Since programming is fun, I thought why not create a Wordle Helper to assist in guessing the word and share it with the world.
Usage
The Wordle Helper lets one enter the excluded letters and lets one enter the included letters and whether or not they’re in a specific location or not. Based on that input, it’ll tell you the remaining eligible words and suggested words to use for the next guess. Some other Wordle helpers I’ve tried don’t let one specify the same letter is not in multiple locations which eliminates the candidate words further.
Try my Wordle Helper and leave your comments below. Read on for additional info.
Technical Details
The Wordle helper is hosted on a public page on a Salesforce community in my developer edition org. When it first loads, it retrieves all the 5 letter English words that are stored in two Apex classes. Those words were parsed out from this Source Dictionary at this Github Repo. A single Lightning Web Component (LWC) does all the processing in Javascript. The component has 15,918 5-letter words. This seems to be more than the NY Times Wordle and Wordle Unlimited use.

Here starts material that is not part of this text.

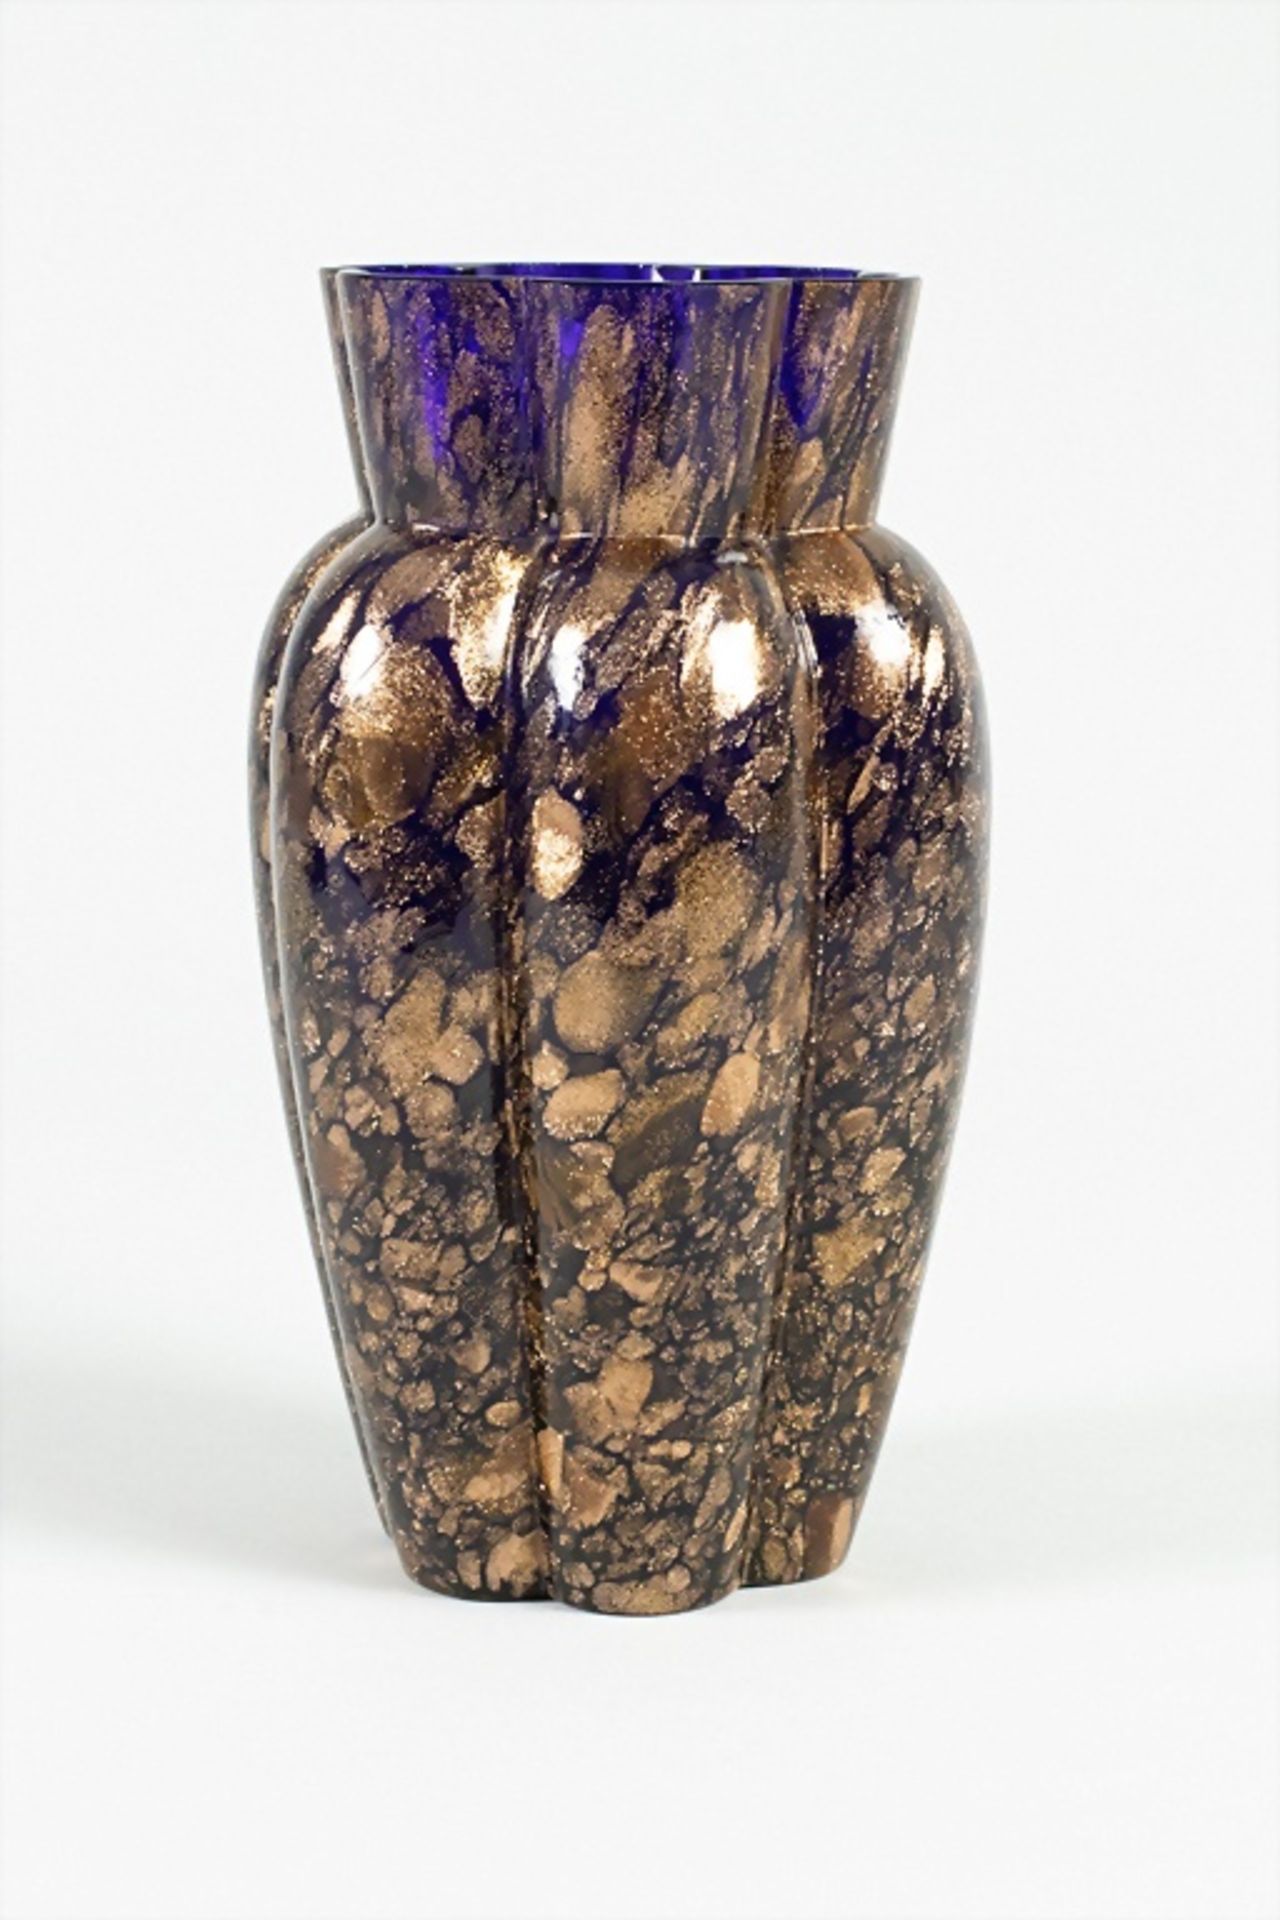 Jugendstil Vase / An Art Nouveau glass vase, Loetz Wwe., Klostermühle, 1905

The words were embedded in Apex classes so one wouldn’t have to parse out the words on each load. Originally, the candidate word filtering was done in Apex but it was too slow because Apex doesn’t let one easily manipulate strings like Javascript does. So, the code was migrated to the LWC.
After the first release, the Kabble English Word Frequency data set was found. That metadata was embedded in the component and the Source Dictionary cross-references its words with that to sort the suggested and candidate words from most-to-least common. Since the Wordle puzzles tend to use more common words, this increases the likelihood of getting the word correct.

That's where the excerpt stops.